[Exercise aim] Give back the whole listing verbatim, printing none of its pictures.

[Dataset content]

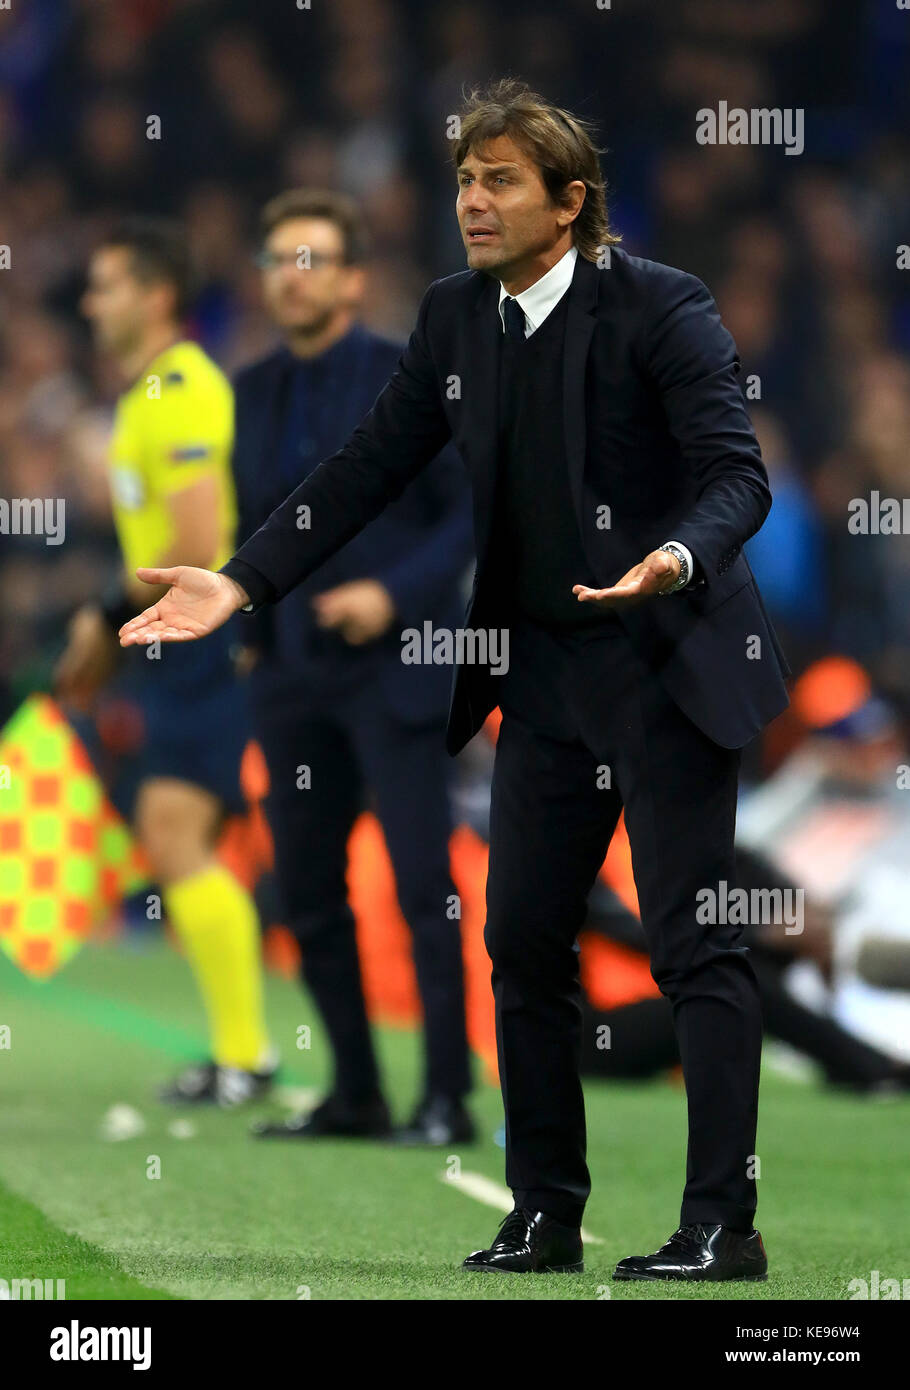 Antonio Conte, directeur de Chelsea, lors du match du groupe C de l'UEFA Champions League à Stamford Bridge, Londres. Banque D'Images
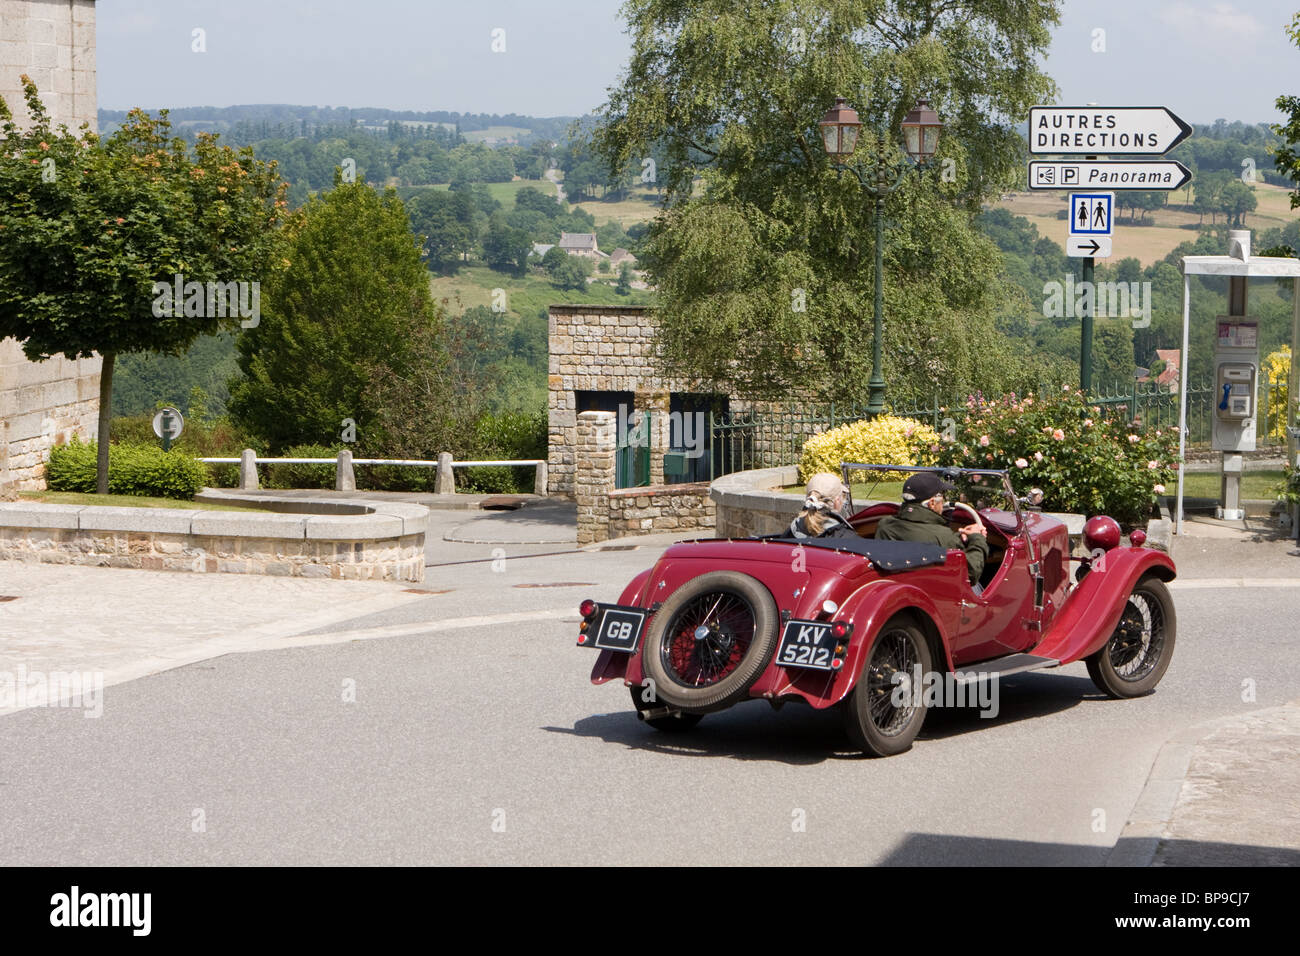 Classic British Riley motor car guida attraverso la città di Domfront in Francia con la parte superiore verso il basso Foto Stock
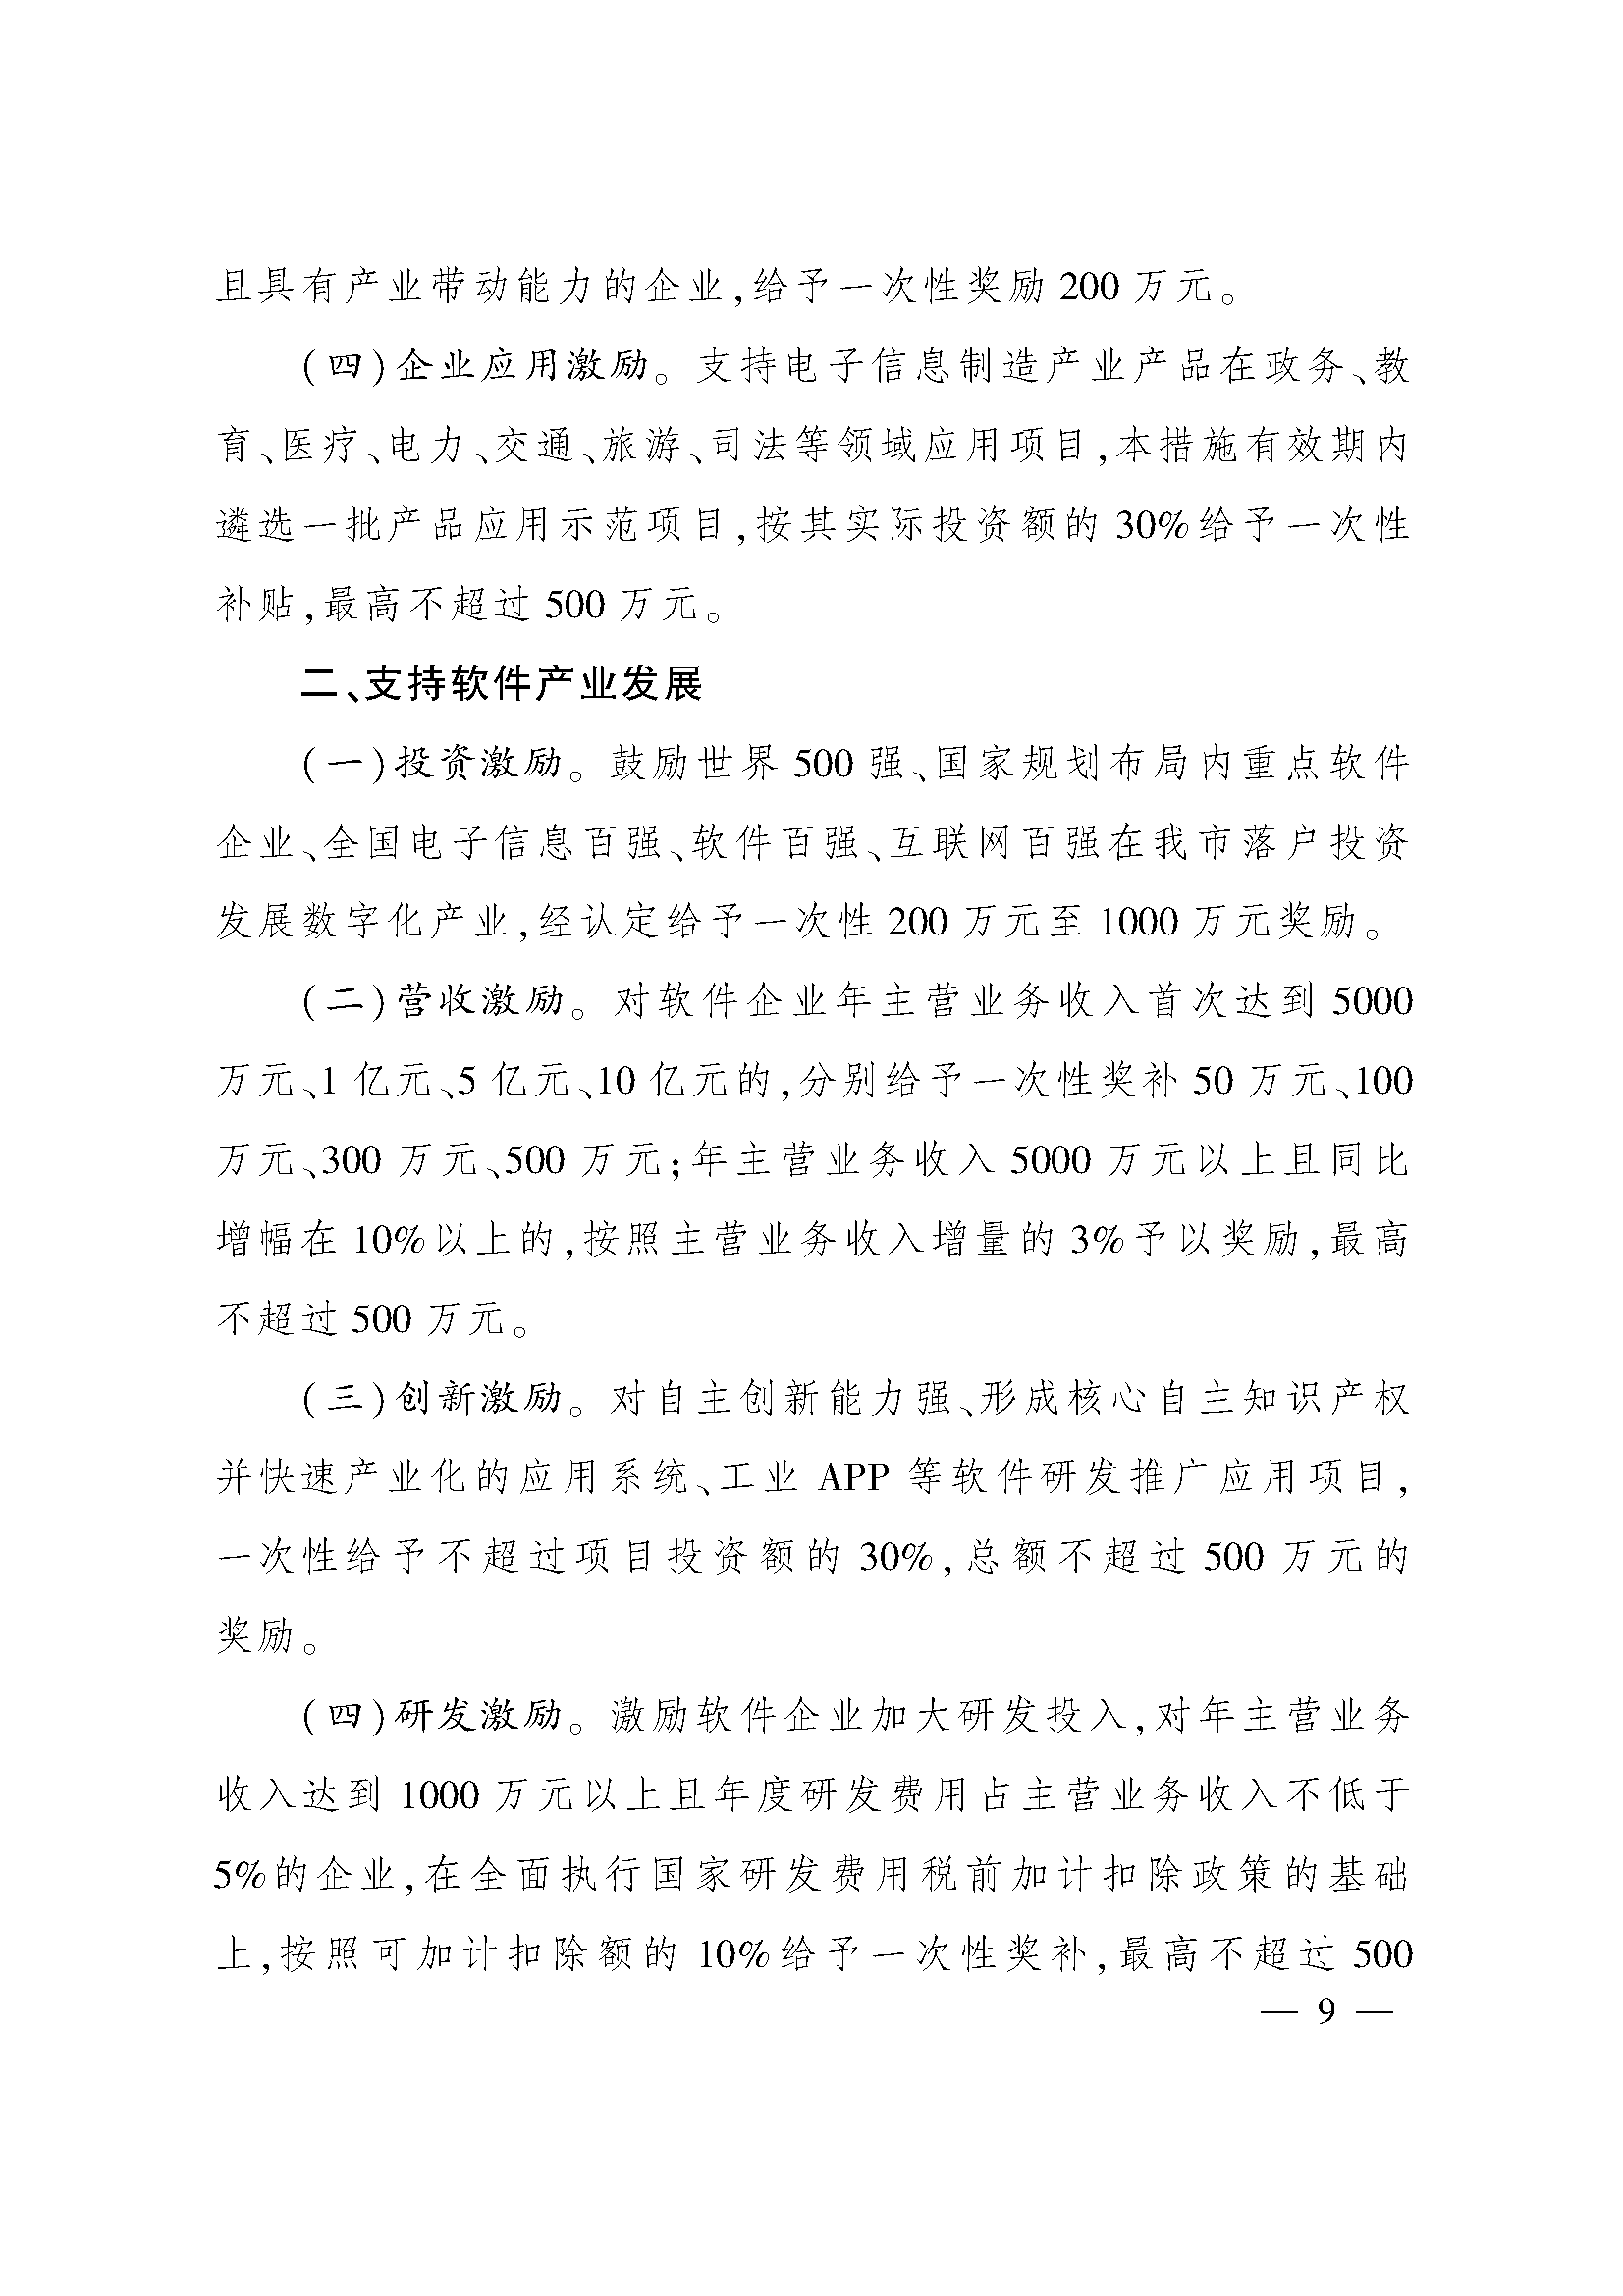 太原市人民政府办公室关于印发太原市招商引资若干措施的通知(图9)

[Answer section]
 Antonio Conte, directeur de Chelsea, lors du match du groupe C de l'UEFA Champions League à Stamford Bridge, Londres. Banque D'Images
 Classic British Riley motor car guida attraverso la città di Domfront in Francia con la parte superiore verso il basso Foto Stock
 太原市人民政府办公室关于印发太原市招商引资若干措施的通知(图9)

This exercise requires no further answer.